Потом Серёга похоронил мать, которая не перенесла смерти мужа. Только сильных духом людей беда закаляет, делает мужественными и спокойными, а мать у Сергея была человеком мягкой души, полная покорность судьбе жила в ней. Наверное, можно сосчитать людей, которые умирают от болячек, всяких недугов, от нелепой пули на войне. Но сколько гибнет от душевных травм, которое страшнее всяких болезней и недугов берут человека в жёсткие клещи, из которых только один путь – в могилу. Видимо, рассуждал Серёжка, так и произошло с его матерью.
…В конторе колхоза ярко багровели стёкла от вечерней зари, от усталого предзакатного солнца. На деревянном крылечке, переступая с ноги на ногу, стояли деревенские мужики – Илюха Минаев, Василий Андреевич Боровков, Сергей Яковлевич Зуев – «ударная колхозная сила», как любит называть их Бабкин. Мужики курили, сизые полоски дыма тянулись над крыльцом, о чём-то сосредоточенно спорили. Правленцев не было видно, значит, они уже заседали, а эти коротали время за цигаркой в ожидании вызова.
Эх, обмелела деревня на мужиков, проклятая война косой выкосила мужское население, разбросала, как в ветреную погоду кленовые листья. Ещё недавно в деревне было шестьдесят дворов, и в каждом – мужики молодые и старые, работники и умельцы. Были они разные: добрые и злые, застенчивые и говорливые, весёлые и угрюмые. Без разбора подобрала их война, уравняла и правых, и виноватых, разбросав по белу свету неприметные могилы, затянула травой!
Колхоз до войны славился, недаром имел громкое название «Борец за социализм». Уж кому пришло в голову это название, трудно сказать, а теперь в обезлюдевшей деревне звучало оно, как издёвка над здравым смыслом.
– Не вызывают? – спросил Андрей у Василия Андреевича – самого старшего по возрасту мужика с рыжими, взлохмаченными волосами.
Василий Андреевич кисло улыбнулся, подмигнул:
– Не торопись, ещё своё получишь.
– Было бы за что? – усмехнулся Андрей.
– Ты знаешь, – Боровков хитро прищурился, – случай был у нас в деревне. Касьян Прохоров возвращается домой пьяненький, а баба на пороге ждёт. И не успела слово сказать – Касьян её хрясь по салазкам. «За что?» – спрашивает. Касьян отвечает: «Знал бы за что – убил бы».
Мужики блаженно заулыбались, но Андрей не поддержал этого благодушного настроения, стоял сосредоточенный, сдвинув свои смолистые брови к переносью. Нет, не мог он расплываться сейчас в улыбке, и даже не вызов в правление тому причина. Он хорошо знал биографию Боровкова и не мог спокойно говорить с этим человеком. Нет, напрасно тот сейчас под этакого простачка, добродушного рубаху-парня работает.
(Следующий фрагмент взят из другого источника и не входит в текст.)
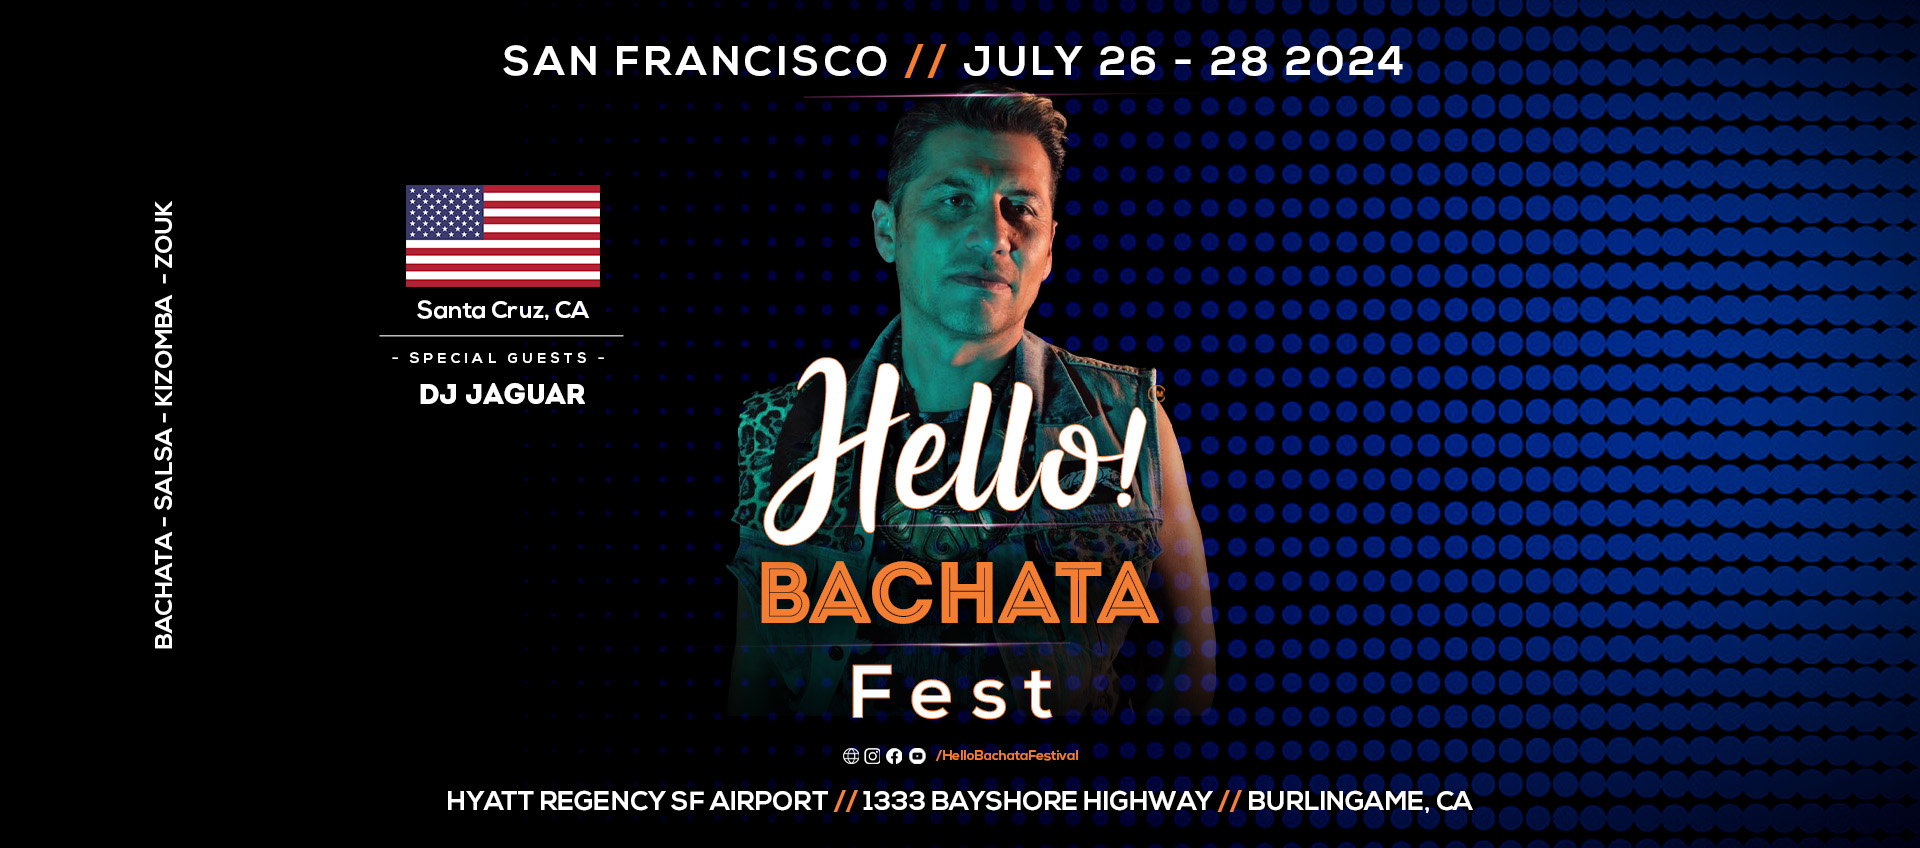 Hello Bachata Fest - DJ Jaguar - Santa Cruz

Знал Андрей ещё на фронте – ему в подробностях об этом написала мать – как дезертировал Боровков с фронта в сорок втором. Тогда его часть стояла под Воронежем, он и дал дёру. От Воронежа до Парамзина добрая сотня километров наберётся, и Боровков добрался домой на третьи сутки, как ночной вор пробрался в дом и девять месяцев скрывался под печкой.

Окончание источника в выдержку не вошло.